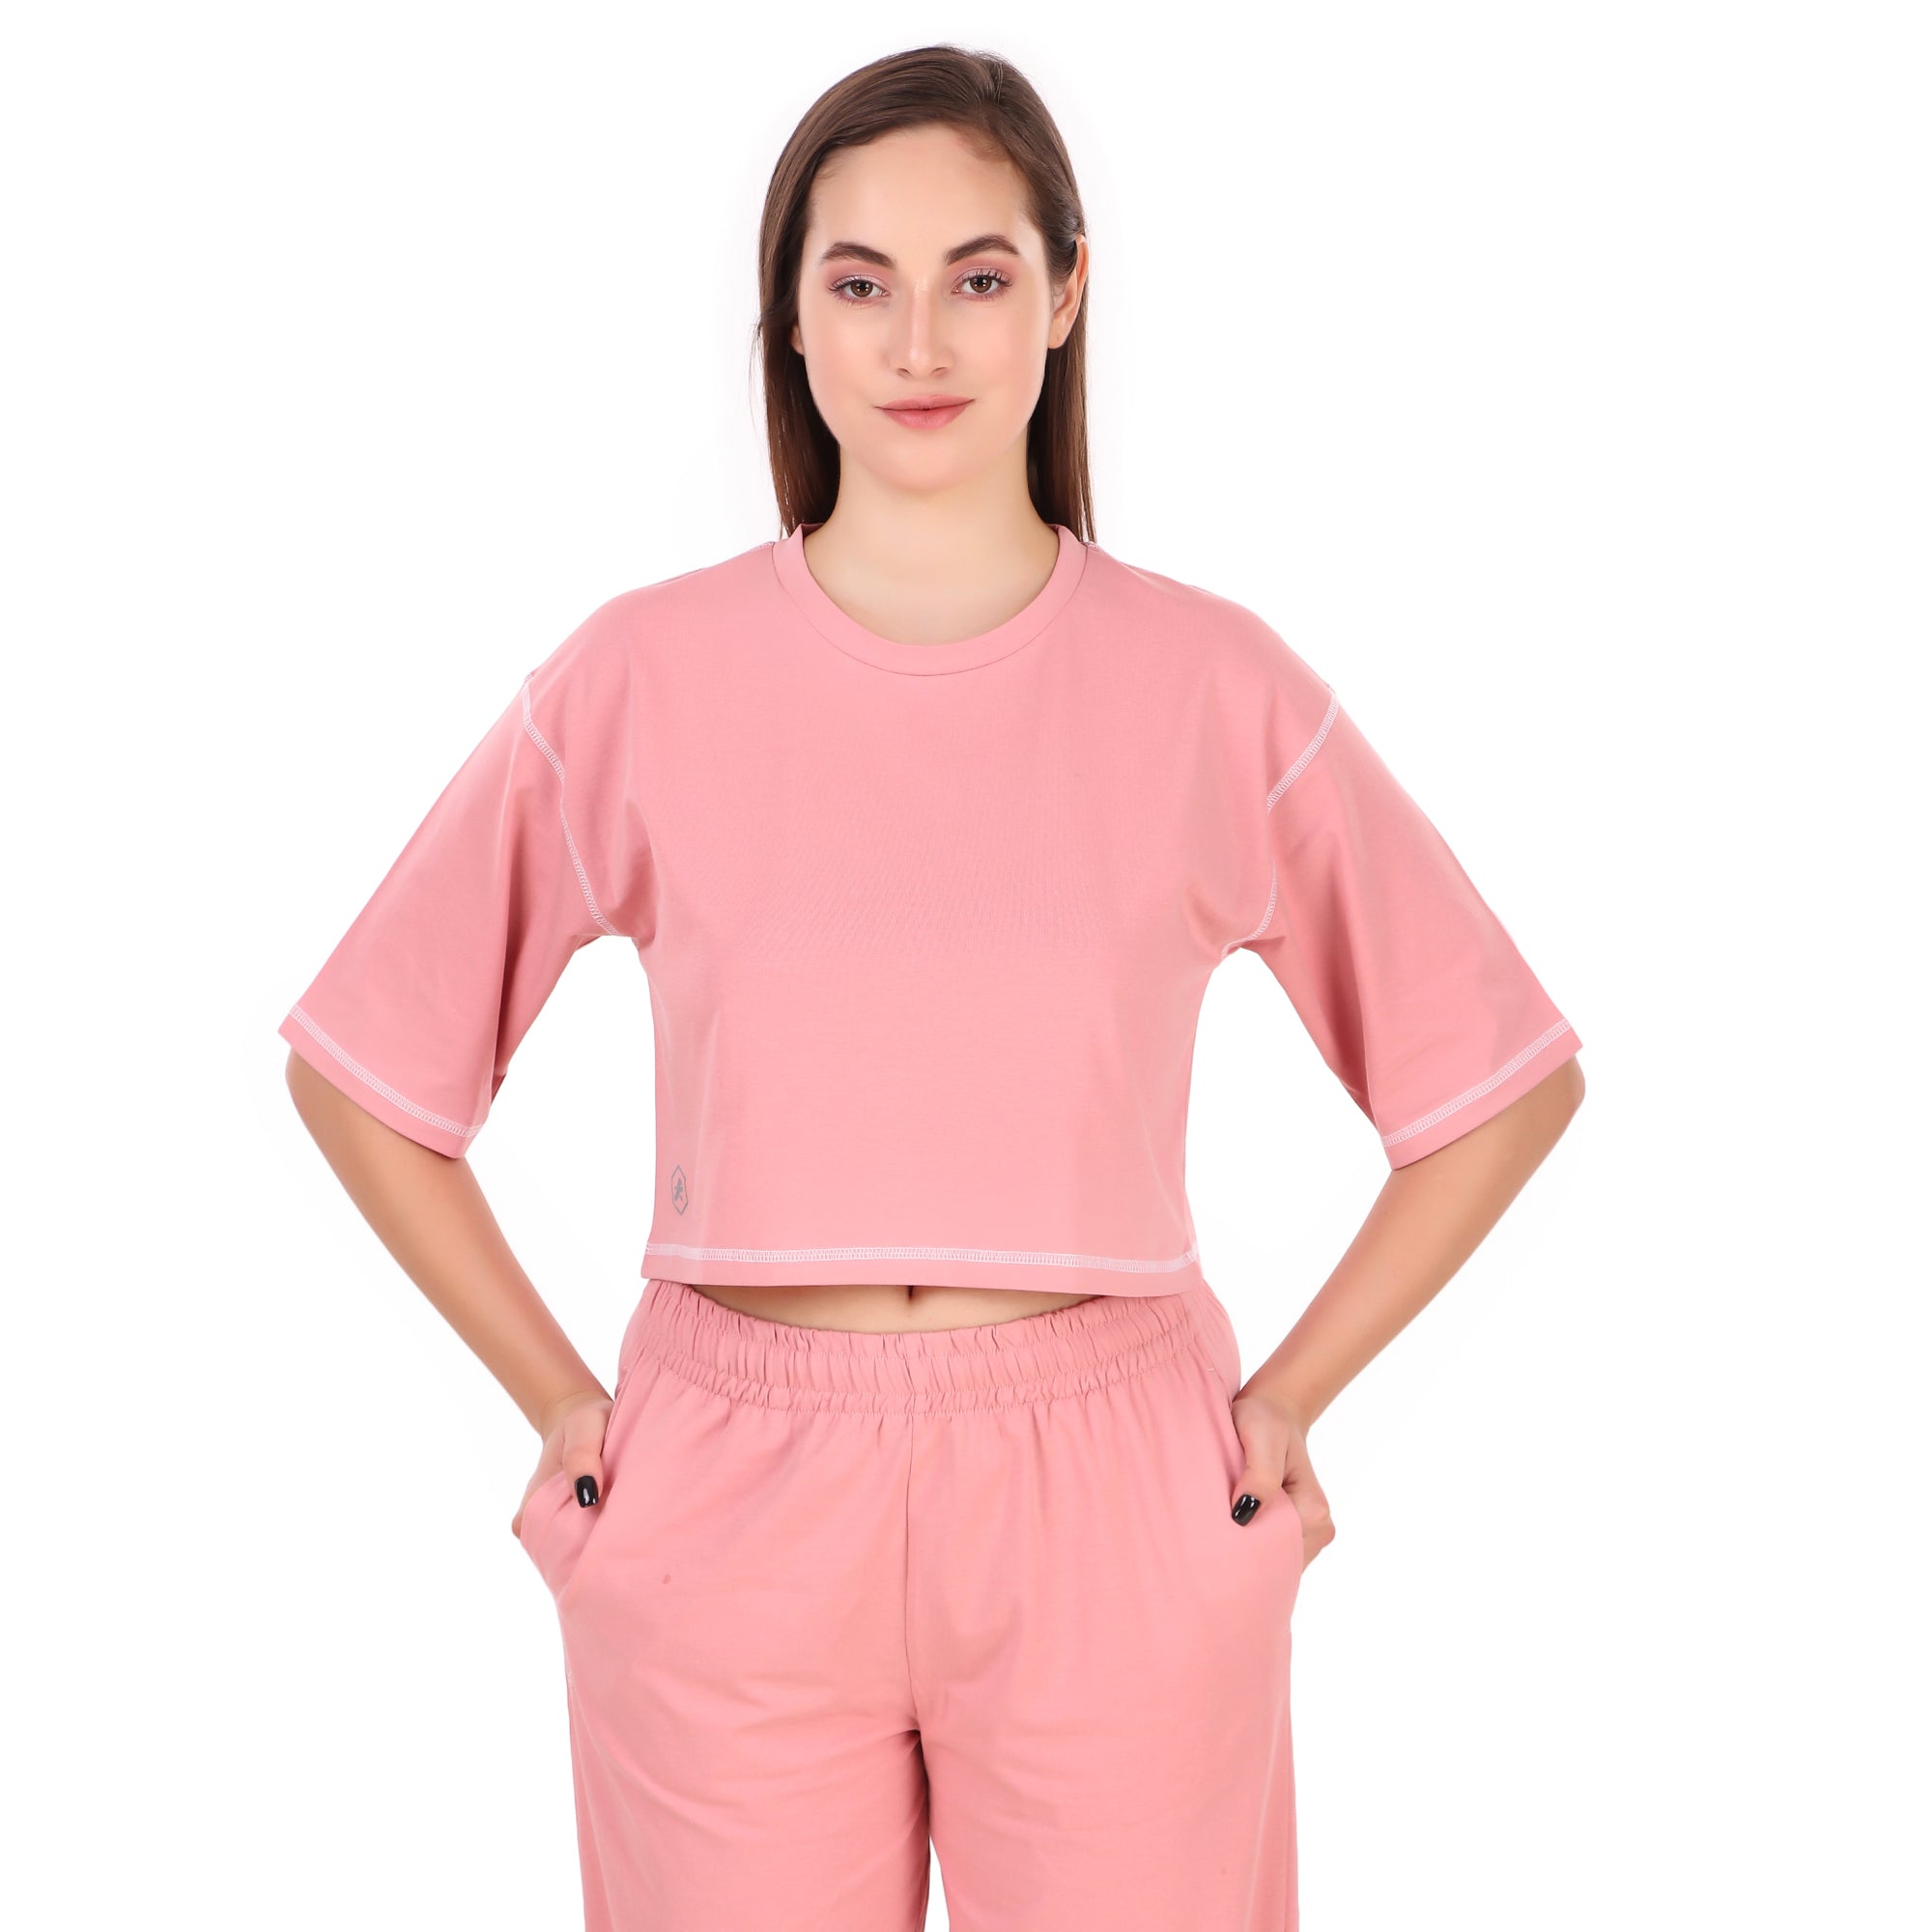 Cotton Crop Top For Women (Soft Pink)
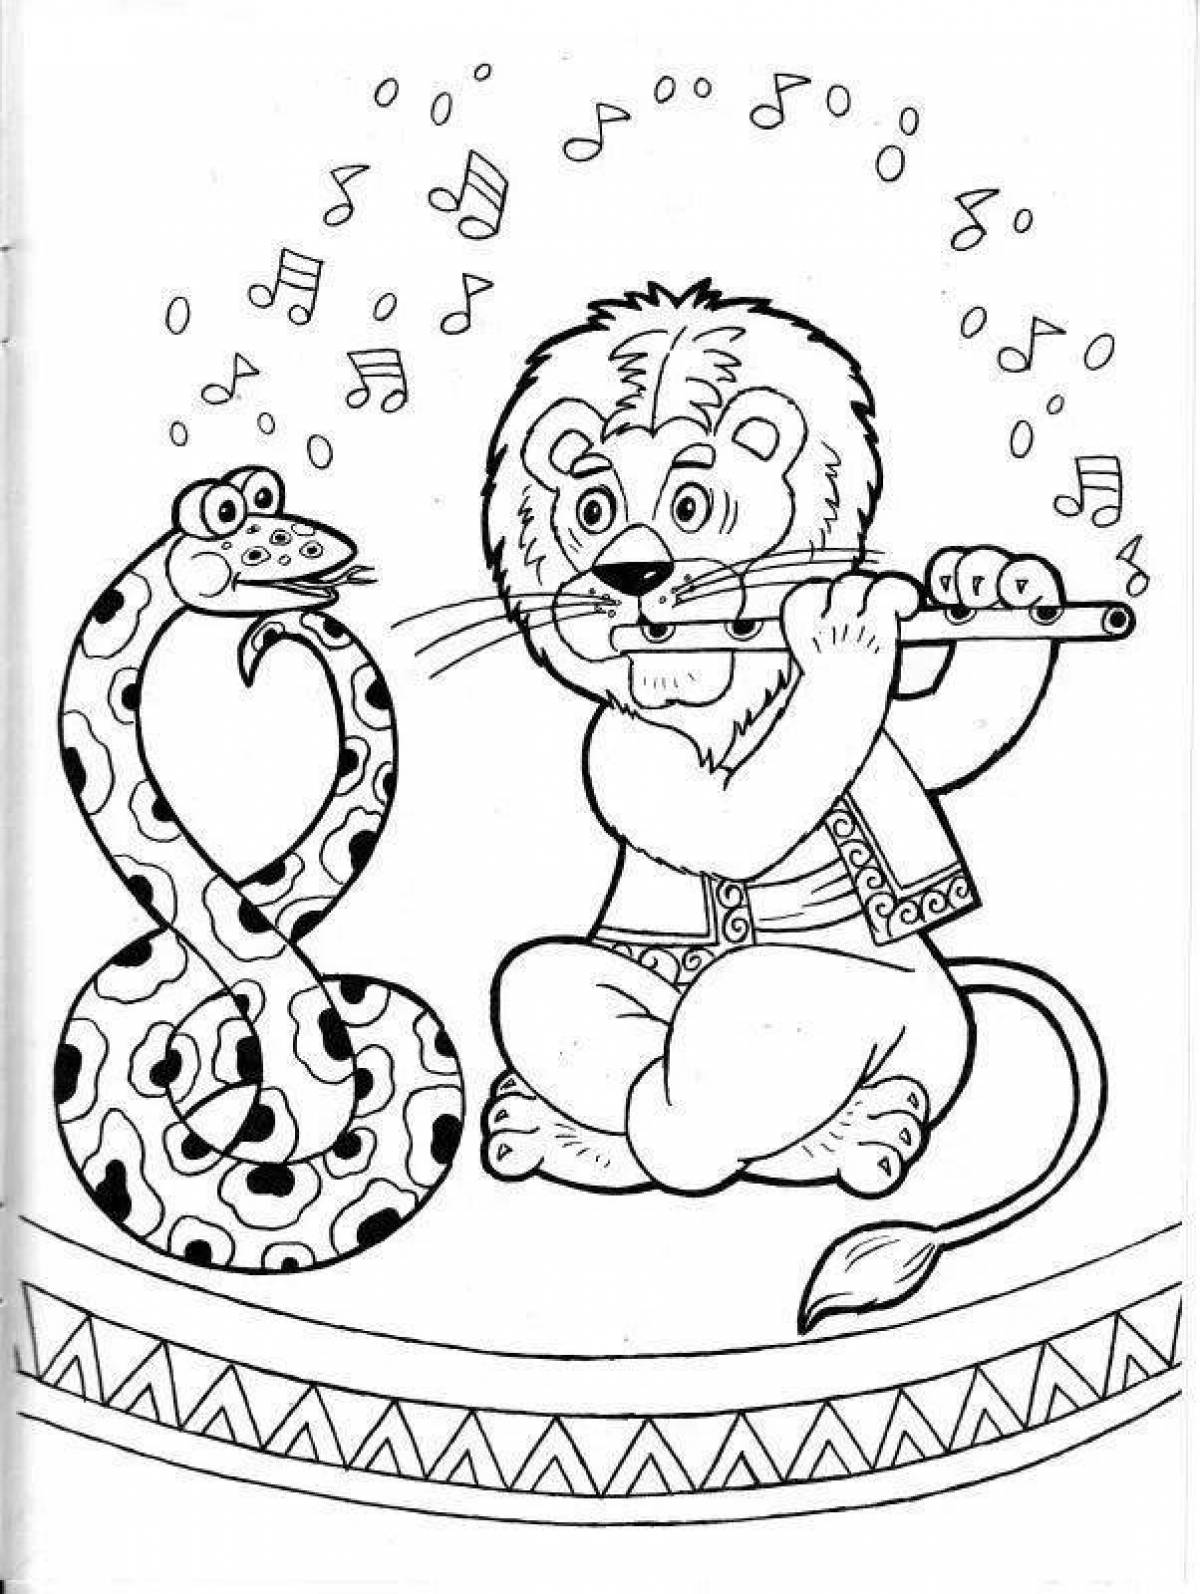 A fun circus coloring book for kids 6-7 years old
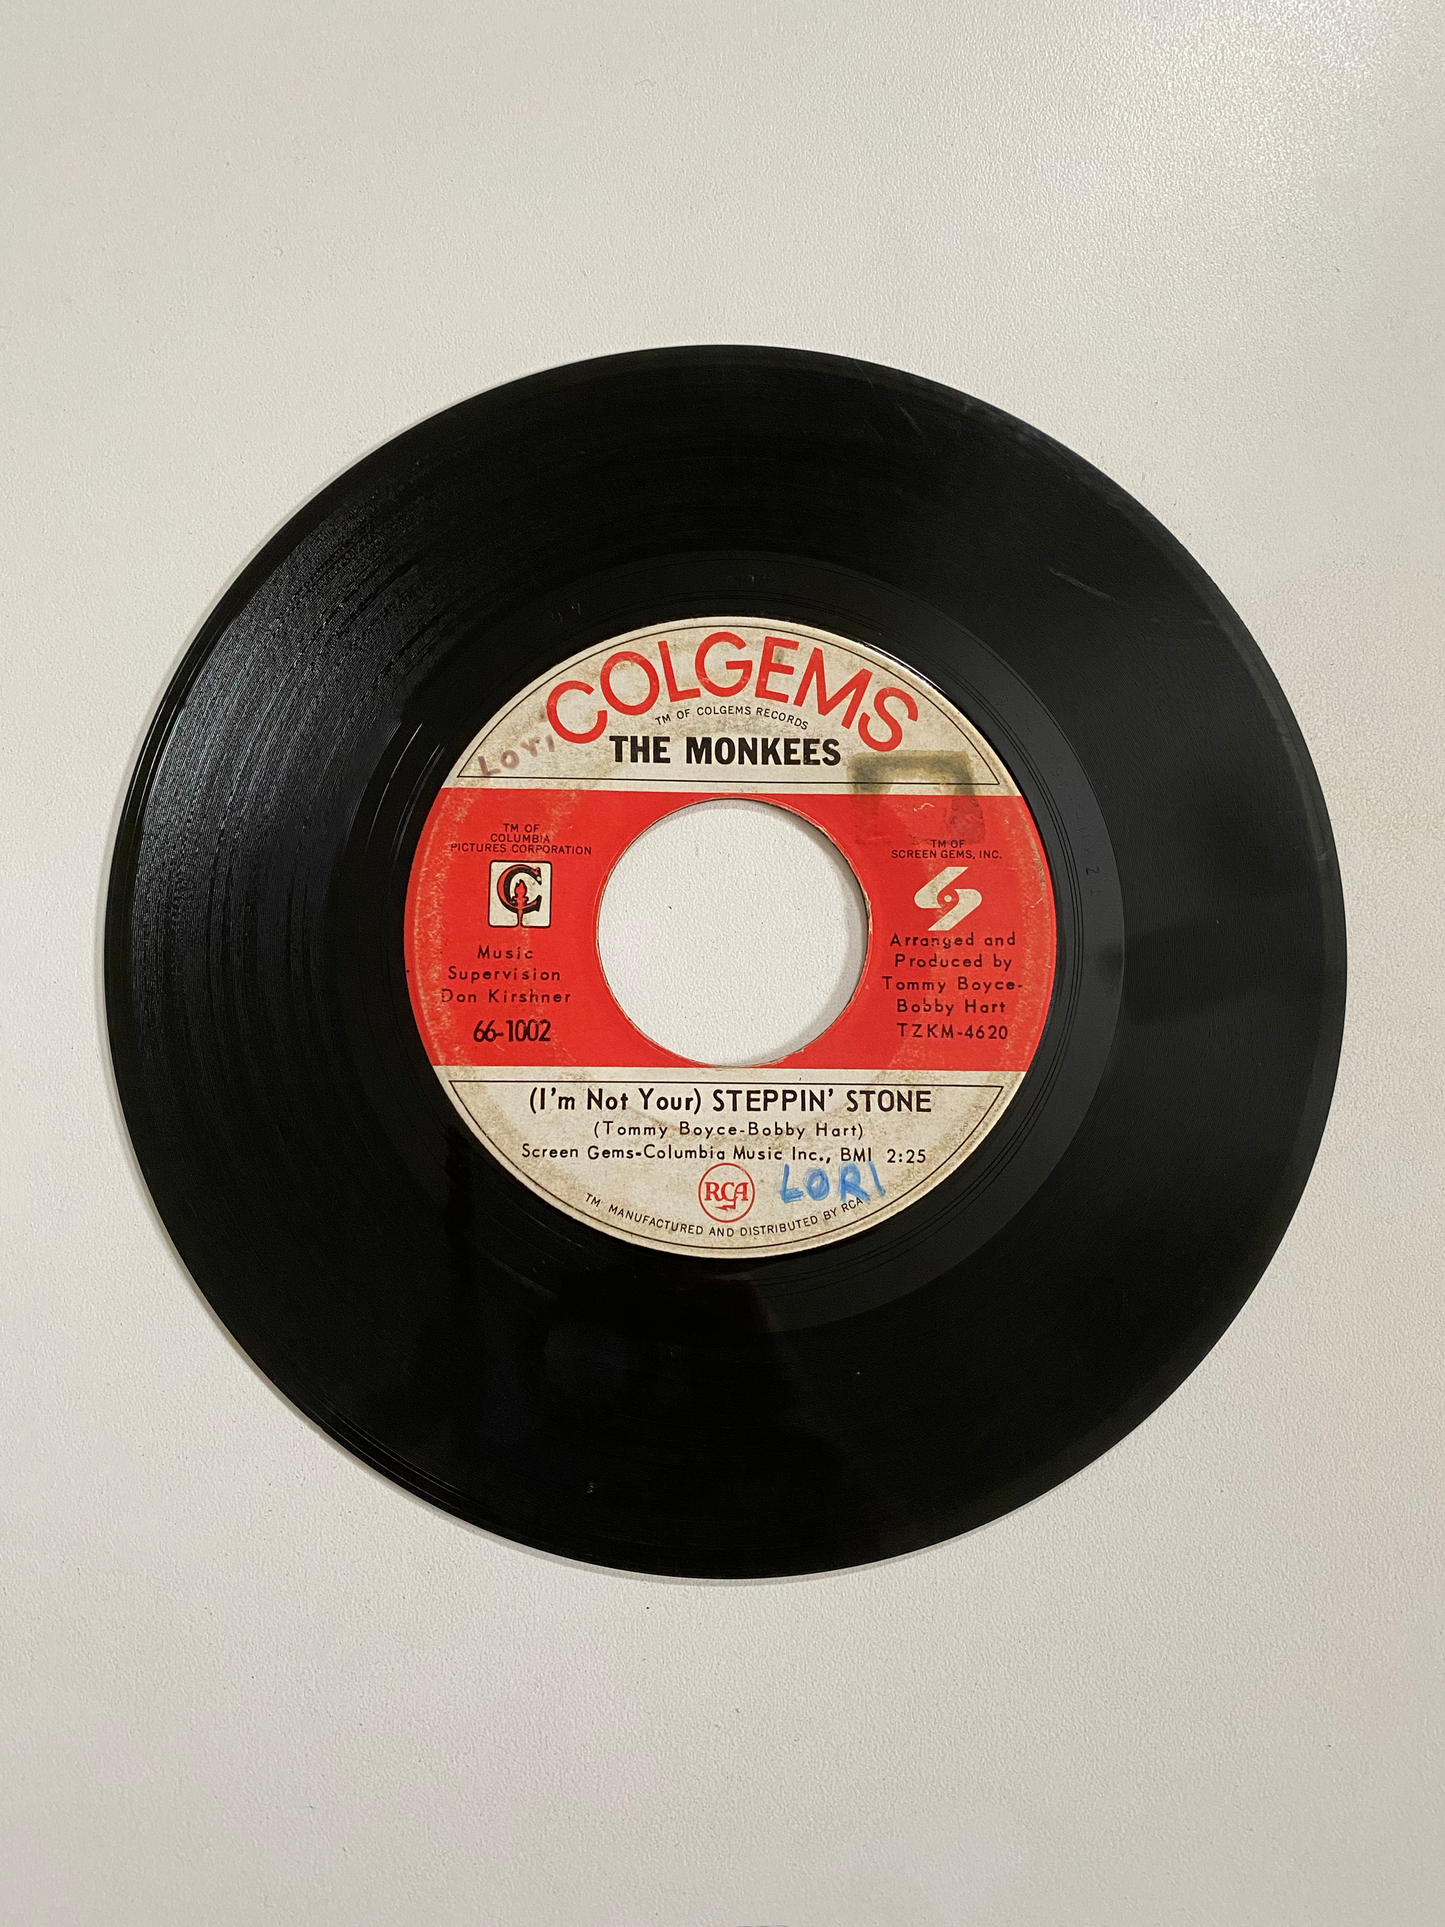 Monkees, The - I'm A Believer | 45 The Vintedge Co.

+++++

**Directions for this task**
Please copy out the material above exactly, with the images removed.

**Exercise solution**
 Cotton Crop Top For Women (Soft Pink)
 A fun circus coloring book for kids 6-7 years old
 Monkees, The - I'm A Believer | 45 The Vintedge Co.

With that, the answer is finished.